# Can I get a dual crown fork with one and a half inch steerer tube diameter?



## DownHillBermBreaker (Dec 1, 2011)

I have looked around but all of the forks have 1 1/8 steerer tubes, help?
:madman:
Thanks


----------



## ebxtreme (Jan 6, 2004)

No. Why would you want /need one anyway?


----------



## DownHillBermBreaker (Dec 1, 2011)

Well my bikes got a 1.5 head tube, so I figured that i should get a fork that fits it, and i am running a Rock Shox Solo Air right now and was fixin' to get a dual crown, but I couldnt find one with a 1.5. They dont make 'em?


----------



## weird terry (Feb 17, 2005)

Risse Racing makes aftermarket crowns with 1.5 for the Fox 40 or Marz 888

Risse Racing - Aftermarket mountain bike components. Fox 40 and Marzocchi 888 fork clamps


----------



## foulhabits (Mar 3, 2011)

DownHillBermBreaker said:


> Well my bikes got a 1.5 head tube, so I figured that i should get a fork that fits it, and i am running a Rock Shox Solo Air right now and was fixin' to get a dual crown, but I couldnt find one with a 1.5. They dont make 'em?


Most downhill bikes and FR bikes are made with a 1.5 head tube for strength. If a dual crown was made with a 1.5 steer tube it would make it heavier while the 1 1/8 has been proven to be perfect size for dual crowns.
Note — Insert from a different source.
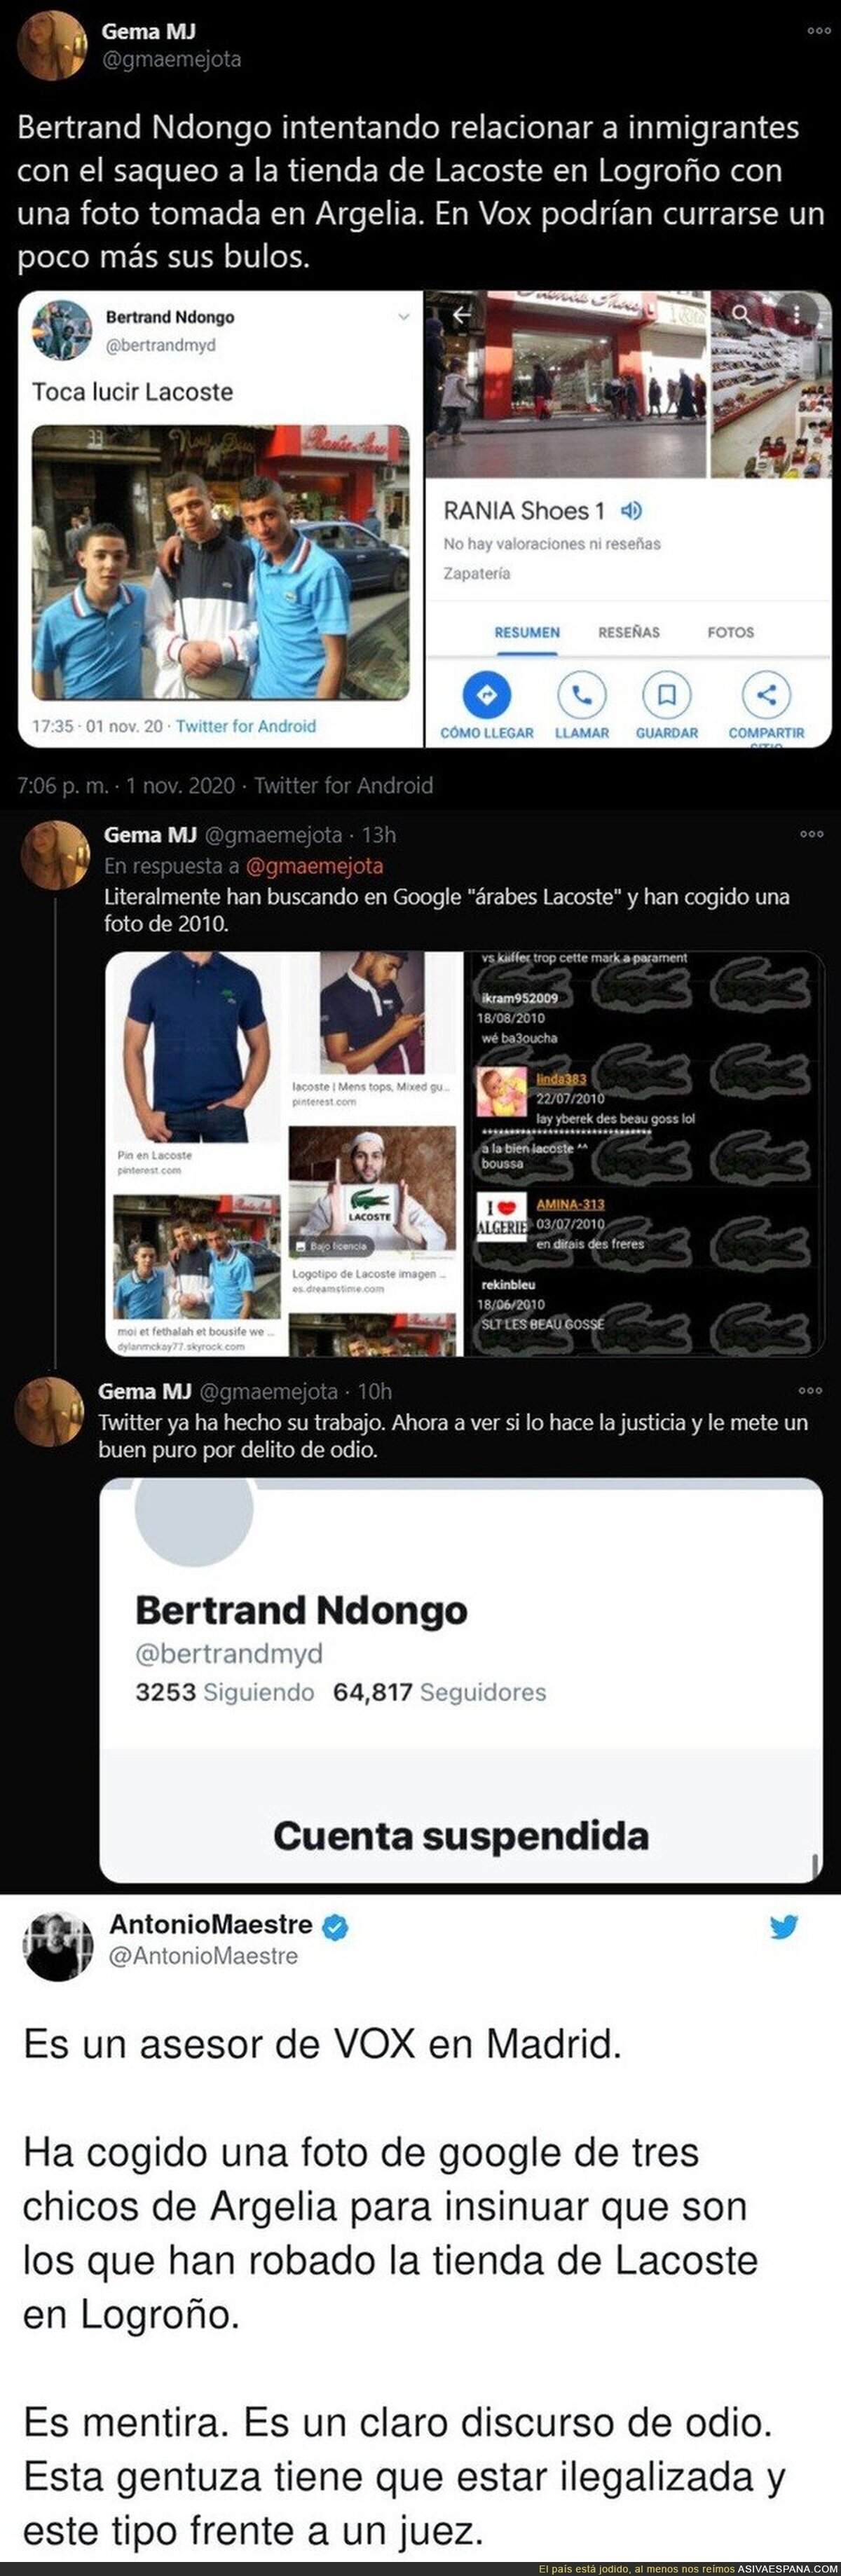 Twitter le suspende la cuenta de Bertrand Ndongo (VOX) tras difundir estos mensajes sobre unos chicos jóvenes

So you ask what do you do then? The answer is a 1.5 to 1 1/8 reducing headset. Check with: FSA, Works components, Cane creek, Chris king, exc...


----------



## Uncle Cliffy (Jul 7, 2006)

weird terry said:


> Risse Racing makes aftermarket crowns with 1.5 for the Fox 40 or Marz 888
> 
> Risse Racing - Aftermarket mountain bike components. Fox 40 and Marzocchi 888 fork clamps


----------



## DownHillBermBreaker (Dec 1, 2011)

weird terry:
thanks, i will look into it :thumbsup:


----------



## DownHillBermBreaker (Dec 1, 2011)

I will look into that as well, foulhabits


----------



## whoda*huck (Feb 12, 2005)

With a 1.5" steerer you won't have the option of using an angled headset to modify you hta.


----------



## Iceman2058 (Mar 1, 2007)

You definitely don't need to buy an aftermarket crown with 1.5 steerer. Most DH/FR frames are 1.5" or tapered today, they are built that way to a: increase frame strength by providing more material/a bigger surface to weld the top and bottom tubes to, and b: to allow you to run a single crown 1.5 or tapered fork (where the 1.5" diameter helps make the fork significantly stronger) if you want to. When you run a dual crown fork (where a 1.5 steerer offers no advantage at all), just pick out the appropriate converter headset (1.5 to 1 1/8, or a tapered variant). This also has the advantage of being able to to run an AngleSet headset (which allows you to modify the headangle), or a zero-stack headset ("internal bearings") which gives a lower front end.


----------



## Josie7 (Feb 27, 2012)

foulhabits said:


> Most downhill bikes and FR bikes are made with a 1.5 head tube for strength. If a dual crown was made with a 1.5 steer tube it would make it heavier while the 1 1/8 has been proven to be perfect size for dual crowns. So you ask what do you do then? The answer is a 1.5 to 1 1/8 reducing headset. Check with: FSA, Works components, Cane creek, Chris king, exc...


Yup.. what he said..


----------



## saturnine (Mar 28, 2007)

also with a 1.5 dual crown most direct mount stems won't work.


----------



## sandwich (Sep 24, 2005)

Get a reducer headset and any fork you want.


----------



## #Cyclelife (Jul 21, 2009)

I did just that on my Giant Glory. I removed the zocchi single crown w/ 1.5 steer tube and the 1.5 FSA Pig headset, got a dual crown Boxxer and the Cane Creek Angleset headset (1.5 to 1 1/8 reducer) and used the -1.5 spacer for additional HTA now @ 65.5. It rocks!!!!!!!!!!


----------



## airmiller44 (Aug 20, 2009)

just do reducer ive had them for years on my bikes.


----------



## akacoke (May 11, 2011)

use a reducer headset not reducer cup and 1 1/8 headset, you wont feel anything


----------



## dave the builder (Jan 22, 2011)

Reducer cups is the way to go dude. These guys are right.


----------